• _WHAT YOU NEED TO DO_: Any picture in the data below should be skipped, while every line is repeated exactly.

• _DATA SEGMENT_:
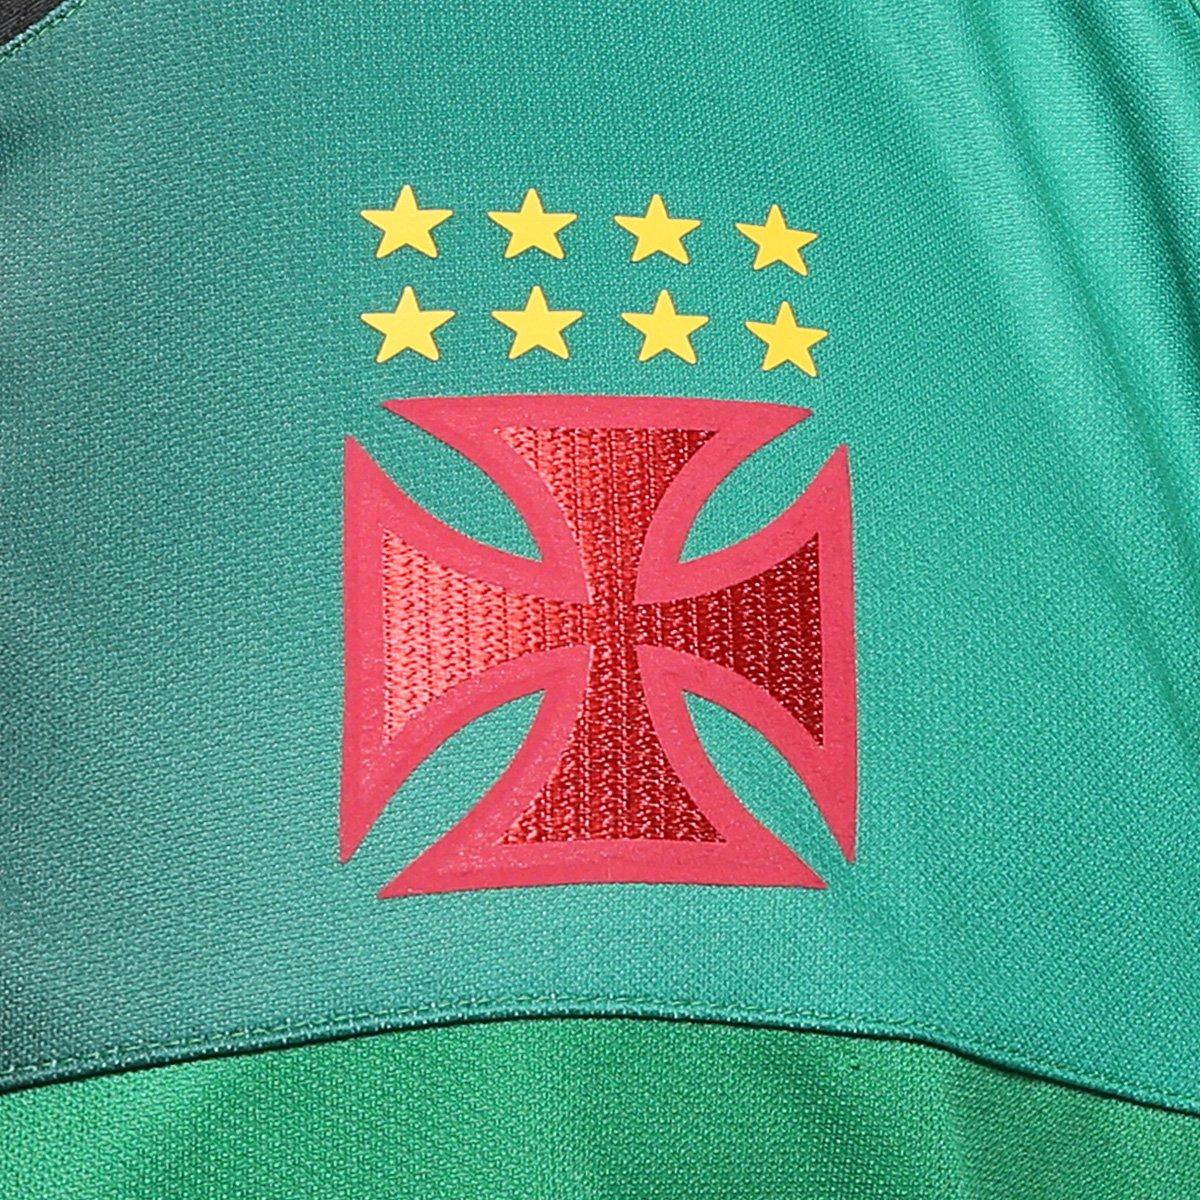 Camisa Vasco Goleiro 17 18 s nº Torcedor Umbro Masculina - Verde e ... 118bb2a2db257
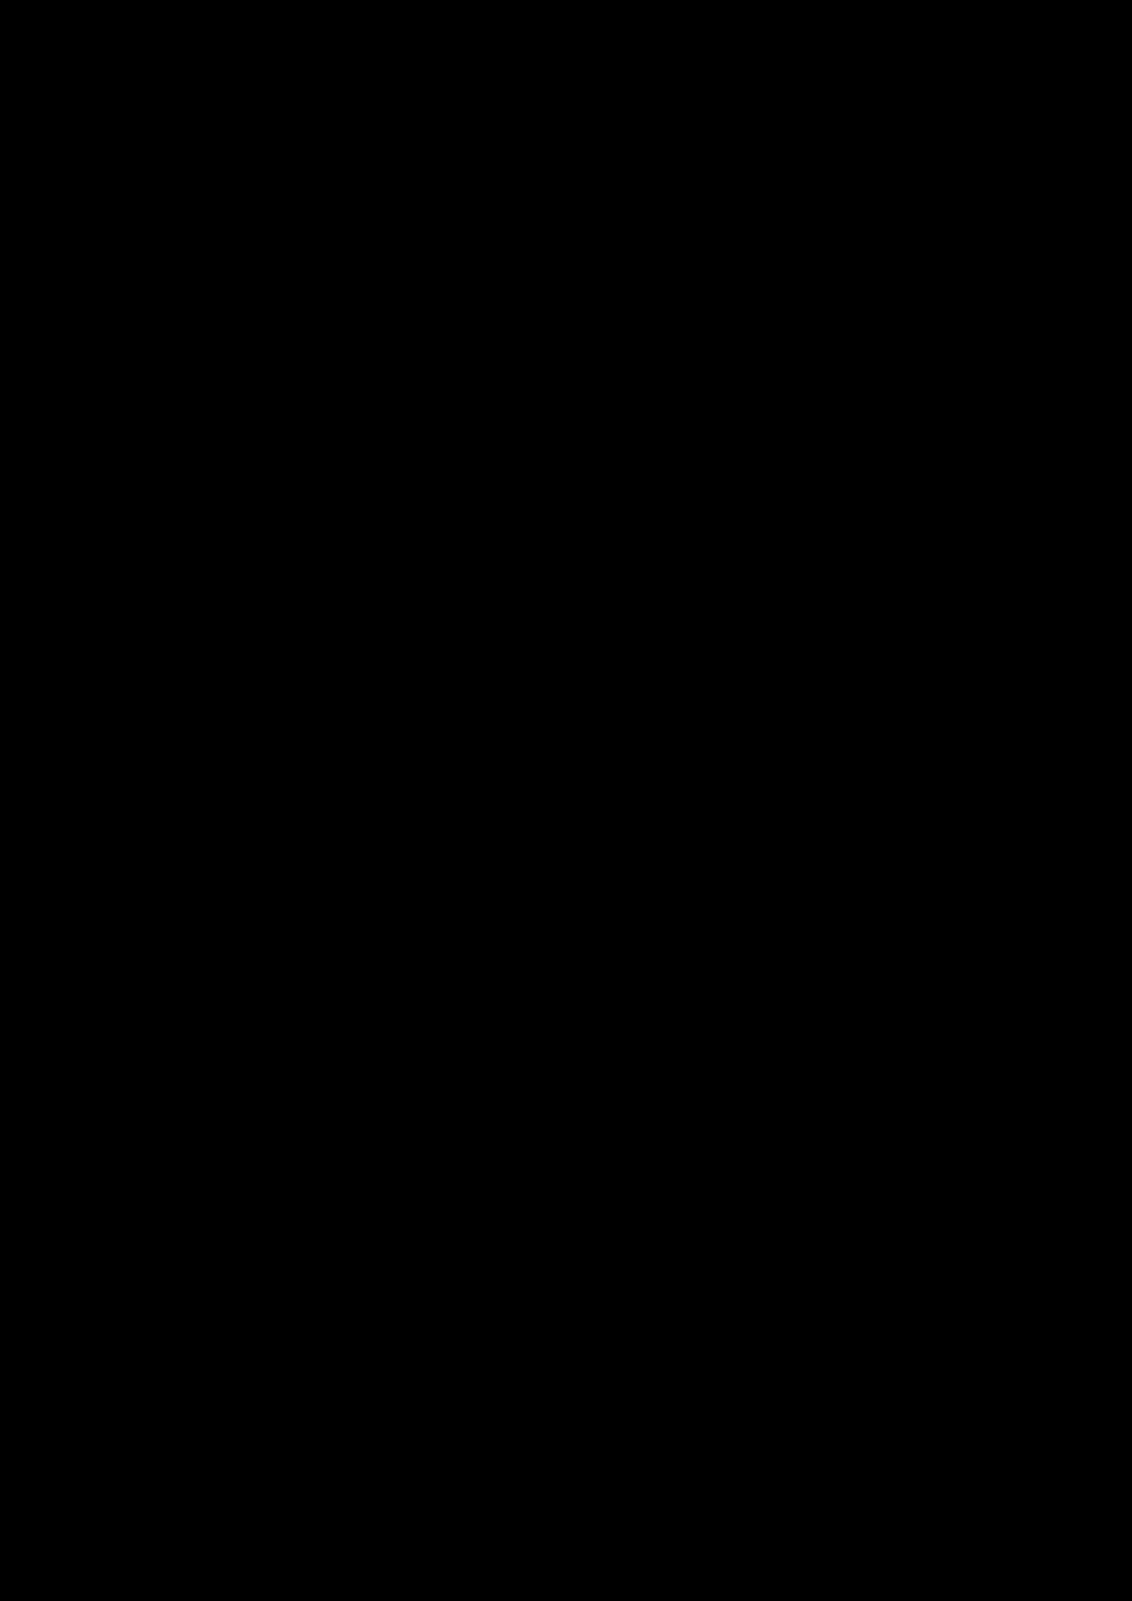 Ot Bolshogo Uma slide, Image 6
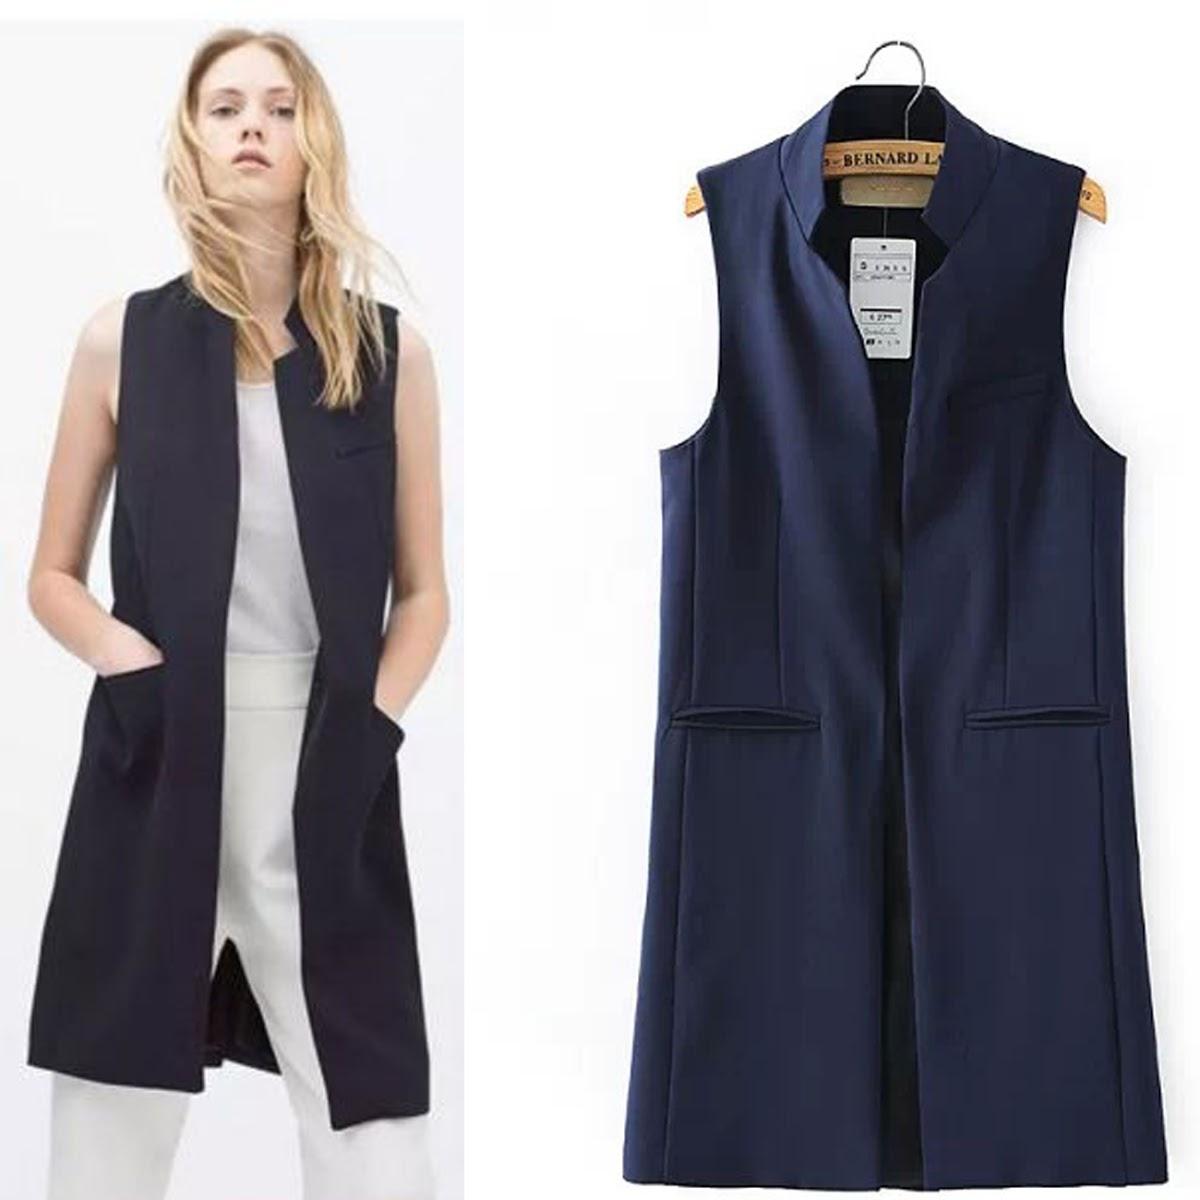 d064284175d Women s Mandarin Collar Open Front Long Vest Waistcoat Cardigan Blazer Sleeveless  Jacket Outfit Women Long Business Suit Vest Long Vest Business Vest Blazer  ...

• _YOUR RESPONSE_:
 Camisa Vasco Goleiro 17 18 s nº Torcedor Umbro Masculina - Verde e ... 118bb2a2db257
 Ot Bolshogo Uma slide, Image 6
 d064284175d Women s Mandarin Collar Open Front Long Vest Waistcoat Cardigan Blazer Sleeveless  Jacket Outfit Women Long Business Suit Vest Long Vest Business Vest Blazer  ...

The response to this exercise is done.